Но, дойдя до его кабинета – мрачной комнаты с низким потолком, уставленной книжными стеллажами и черными кожаными креслами, с подставкой для трубки и полом, застеленным потертым коричневым ковром, комнаты, куда ученики заходили редко, ну, разве что получить нагоняй, – я увидел, что номер в блокноте был не кодом моего родного города, а кодом, от которого у меня сердце замерло.
Я набрал его и с удивлением слушал, как телефонистка привычно устанавливает соединение, словно это был самый заурядный междугородный звонок, потом ее голос пропал на линии, и послышался голос Финеаса.
– С началом нового учебного года!
– Спасибо, большое спасибо! Ты… звучишь… я рад слышать твой…
– Кончай заикаться, это ведь я плачу́ за звонок. С кем тебя поселили в комнате?
– Ни с кем. Они никого больше в нашу комнату не поселили.
– Держат место для меня! Добрый старый Девон. Но ты в любом случае не позволишь им никого к тебе подселить, ведь правда?
Дружелюбие, естественно исходящая от него привязанность – это все, что я мог различить в его голосе.
– Нет, конечно, нет!
– Я так и думал. Друзья-соседи остаются друзьями-соседями. Даже если время от времени у них бывают стычки. Господи, когда ты был здесь, у тебя совсем в голове помутилось.
– Да, наверное. Наверное, совсем помутилось.
– Крыша начисто съехала. Я просто хотел убедиться, что ты пришел в себя. За тем и позвонил. Я загадал: если ты позволил поселить на мое место кого-нибудь другого, тогда ты и впрямь рехнулся. Но ты не позволил, и я знал, что не позволишь. У меня не было и тени сомнения. Ну ладно, должен признать: всего на одну секунду появилась. Ты меня за это прости, Джин. Конечно, я был совершенно не прав. Ты не позволил никому занять мое место.
– Нет, не позволил.
– За то, что я даже допустил такую мысль, мне следовало бы застрелиться. Но на самом деле я знал, что ты бы не позволил.
– Нет, не позволил бы.
– А я истратил столько денег на междугородный звонок! Совершенно зря. Но я же заплатил и за то, чтобы тебя послушать. Так что говори, приятель. И лучше о чем-нибудь хорошем. Начни со спорта. Чем ты занимаешься?
– Греблей. Ну не то чтобы гребу. Помогаю команде. Я помощник администратора.

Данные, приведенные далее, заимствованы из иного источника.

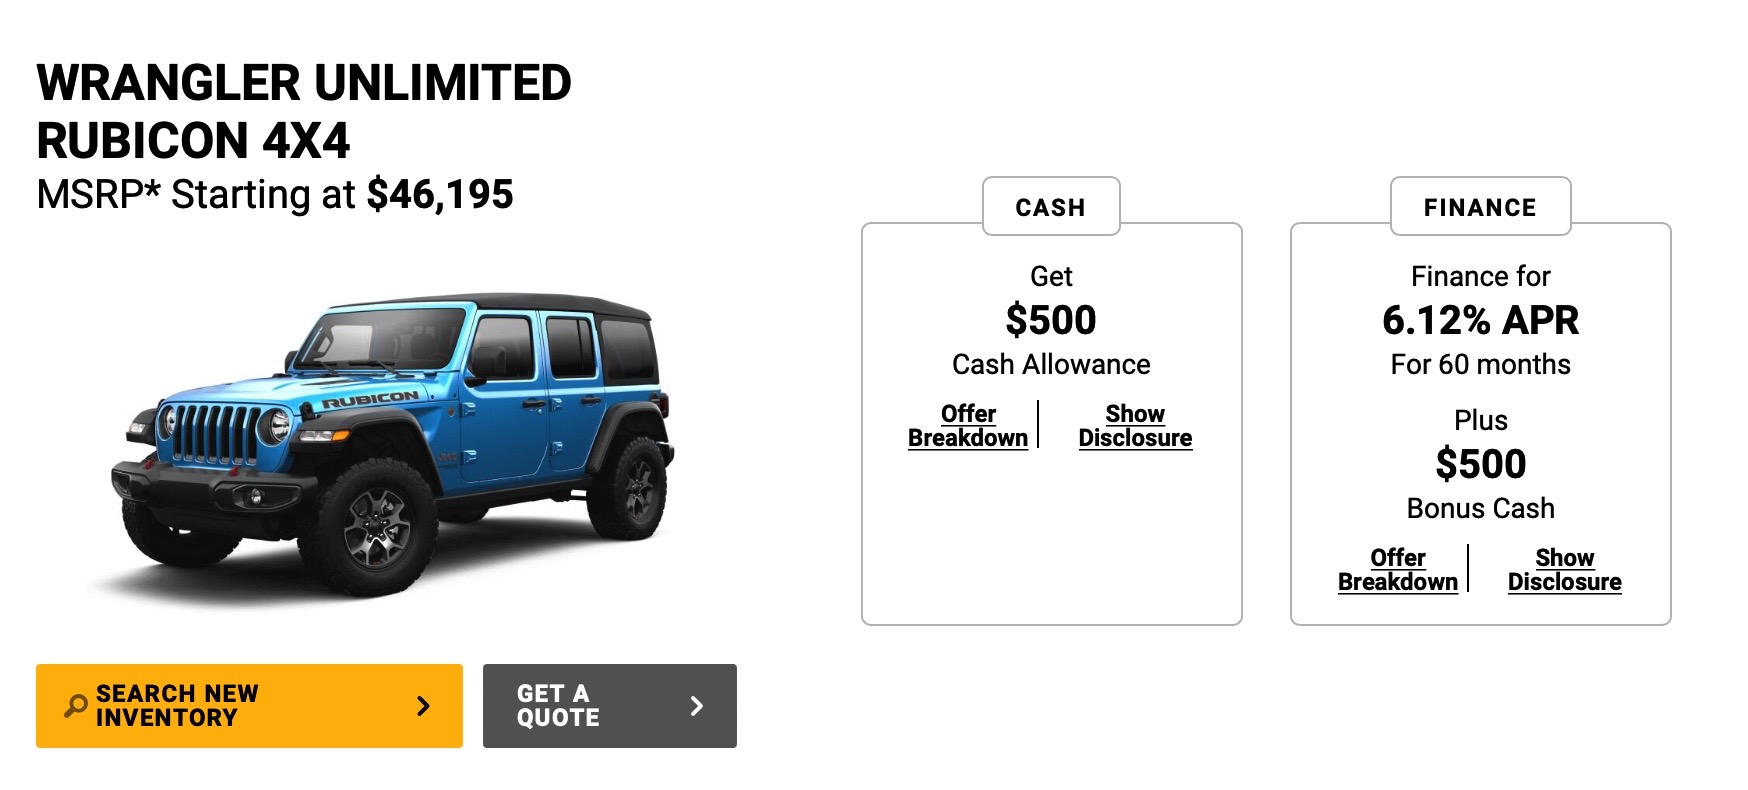 HOW Bad Are Things Getting In The Car Business? Check Out The BRANDON  Inspired SPECIALS From Jeep - AutoSpies Auto News

– Помощник администратора гребной команды?!
– Боюсь, что уже нет…
– Помощник администратора?!
– После того как я подрался с…
– Помощник администратора гребной команды?! – Никто не умел голосом так передать удивление, как Финни. – Нет, ты действительно чокнулся!
– Послушай, Финни, я вовсе не стремлюсь стать звездой школы или чем-то в этом роде.
– Что-о-о-о?! – Гораздо отчетливей, чем что бы то ни было в кабинете мистера Ладсбери, я видел в тот момент его лицо, выражавшее полное остолбенение. – Кто говорит о том, кем кто хочет стать?!
– Тогда чего ты так разошелся?
– На кой черт тебе что-то там устраивать для какой-то команды? Зачем тебе это нужно? Какое это имеет отношение к спорту?
Значит, смысл был в том, что мое занятие не имело ничего общего со спортом как таковым. А я не желал больше никакого спорта. Этот вопрос был для меня закрыт, как если бы тогда, когда доктор Стэнпоул сказал: «Со спортом покончено», он имел в виду меня. Я больше не верил ни себе, ни кому бы то ни было другому, кто занимался спортом. Теперь мне казалось, что все, кто играет в футбол, стремятся лишь выколотить жизнь друг из друга, а боксеры реально дерутся насмерть, и даже теннисный мяч способен обернуться пулей. В 1942 году это не было такой уж игрой воображения, потому что прыжки с дерева заменяли нам соскакивание с палубы торпедированного корабля. А в бассейне, на уроках плавания, мы отрабатывали второй этап этого действа: оказавшись в воде, нужно было изо всех сил колотить по ней руками, чтобы разогнать пролившееся горящее топливо.
Поэтому я сказал Финеасу:
– У меня на спорт времени не остается, я слишком занят.
За этим последовал бессвязный поток слов и восклицаний с его стороны, и я было уже решил, что тема исчерпана, пока под конец он не сказал:
– Послушай, дружище, если я не могу заниматься спортом, ты должен делать это за меня.
При этих словах часть меня будто отделилась и безвозвратно перешла к нему, и, ощутив состояние паря́щей свободы, я понял, что именно это и было моей целью с самого начала: стать частью Финеаса.